I like the reinterpretation of classic controls – the choke plunger acts as the drive selector: push in for forwards, pull out for reverse. A toggle switch changes Cooper through Cooper S to Cooper GP mode, upping the power map from sedate to fizzy. And the fuel readout at the bottom of the central speedo has been recalibrated to display remaining range. Around 100 miles is claimed – more than a day’s work in a city where the average traffic speed is nine miles an hour.

At the opposite pole of practicality, you’ll find the Moke International Electric, um, Moke. It looks like a naked Mini but is nothing to do with it. You’ll not find a single piece or panel (not that there are many of either) shared with the original Mini Moke, which was born out of a British Army request for a rough and tumble stripped down Mini-based buggy that could be lobbed out of planes alongside paratroopers.

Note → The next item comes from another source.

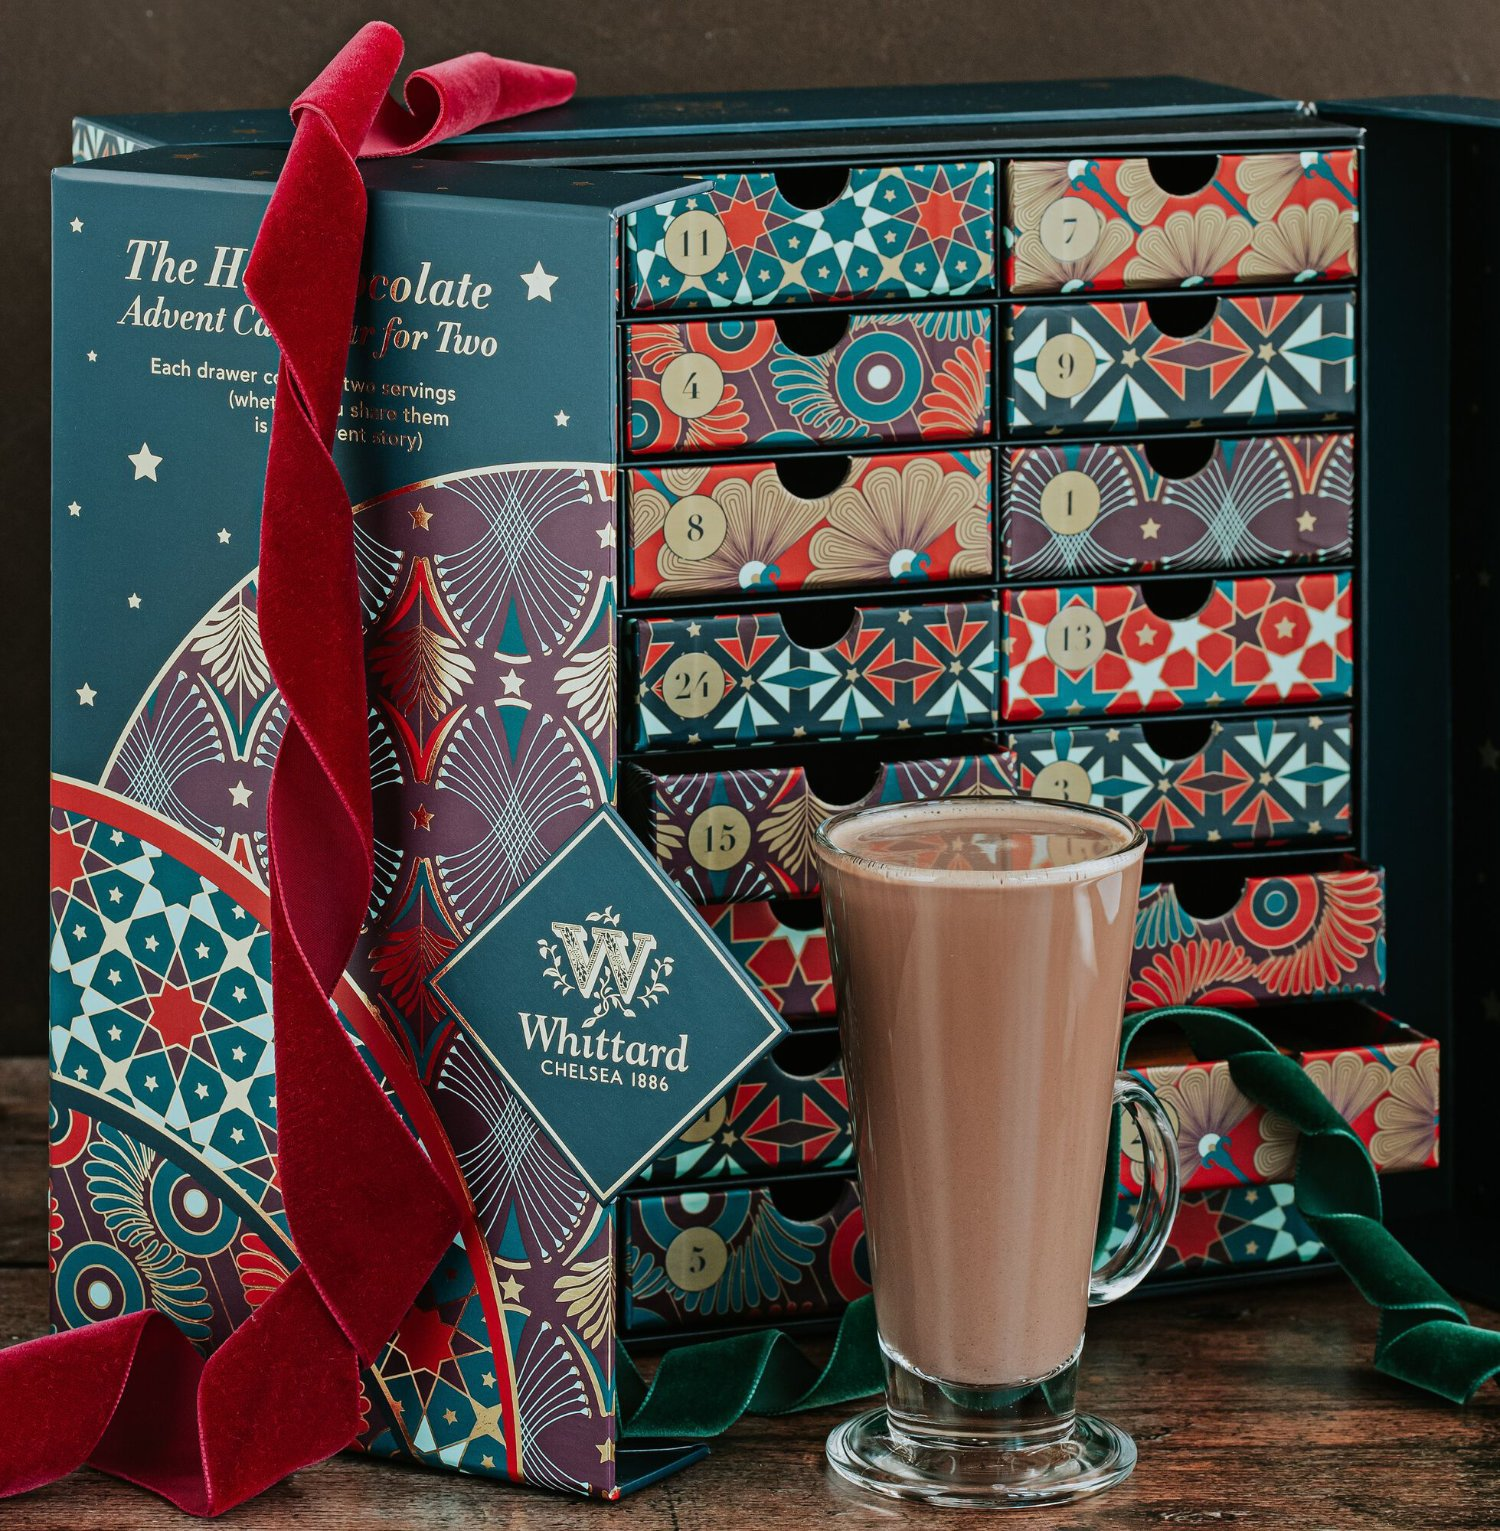 advent-calendar-hotchocolate-hygge-cozy-2020-christmas-nordic

It never saw active service because with its low belly and tiny wheels it was about as agile off-road as a dachshund, but the Moke did find an audience as a yacht tender – an inverse snobbery plaything of the rich doted upon across the Riviera by the likes of Bridget Bardot, Paul McCartney, and the Sinatras.

After the Sixties they were made in Australia and Portugal for decades as novelty beach buggies. And now, as you can see, the Moke is back. Same name, same blue sky thinking, but a new company with new copyright. And new engineering. Yes, it’s still basically some square chassis sections on sofa wheels with a coolbox handle over the top, but instead of front drive petrol power, this is a 44bhp RWD EV.

All day we’re greeted by grins, memories and genuine interest

Being near silent and as exposed as a naturist atop a Penny Farthing, you hear every reaction. The snorts of laughter, the gasps of shock, the cheers of “Fantastic, they’re doing Mokes again!”, and yes, that bloke in the builder’s van who loudly told the Marylebone Road “Nice Lego car, Noddy”, blasting through an amber light before I could conjure a response. Superb comic timing.

If he’d stuck around I’d have told him that despite its hopelessly dweeby presence, the Moke is surprisingly sorted. Look, it’s not going to have Rolls-Royce reverse engineering it when it needs to take the top off the Spectre, but the structure feels more rigid than the catamaran chassis suggests. It takes speed bumps in its stride and though you sit loftily with the steering wheel resting in your lap and treading on pedals that feel like they’ve come from a piano, its road manners are fairly civilised. For an AWOL Legoland ride.

And nippy – 4.5 seconds from zero to 30mph doesn’t sound special but it’s a whizzkid in a traffic light grand prix against a surly cyclist. I suspect this is the only time a Moke will have to conquer the urban jungle, and in its natural habitat of a Mediterranean seafront it’ll be as over endowed with performance as the frustrated, constrained Bugatti Chirons and Koenigseggs that burble through Mayfair for lap after tedious lap.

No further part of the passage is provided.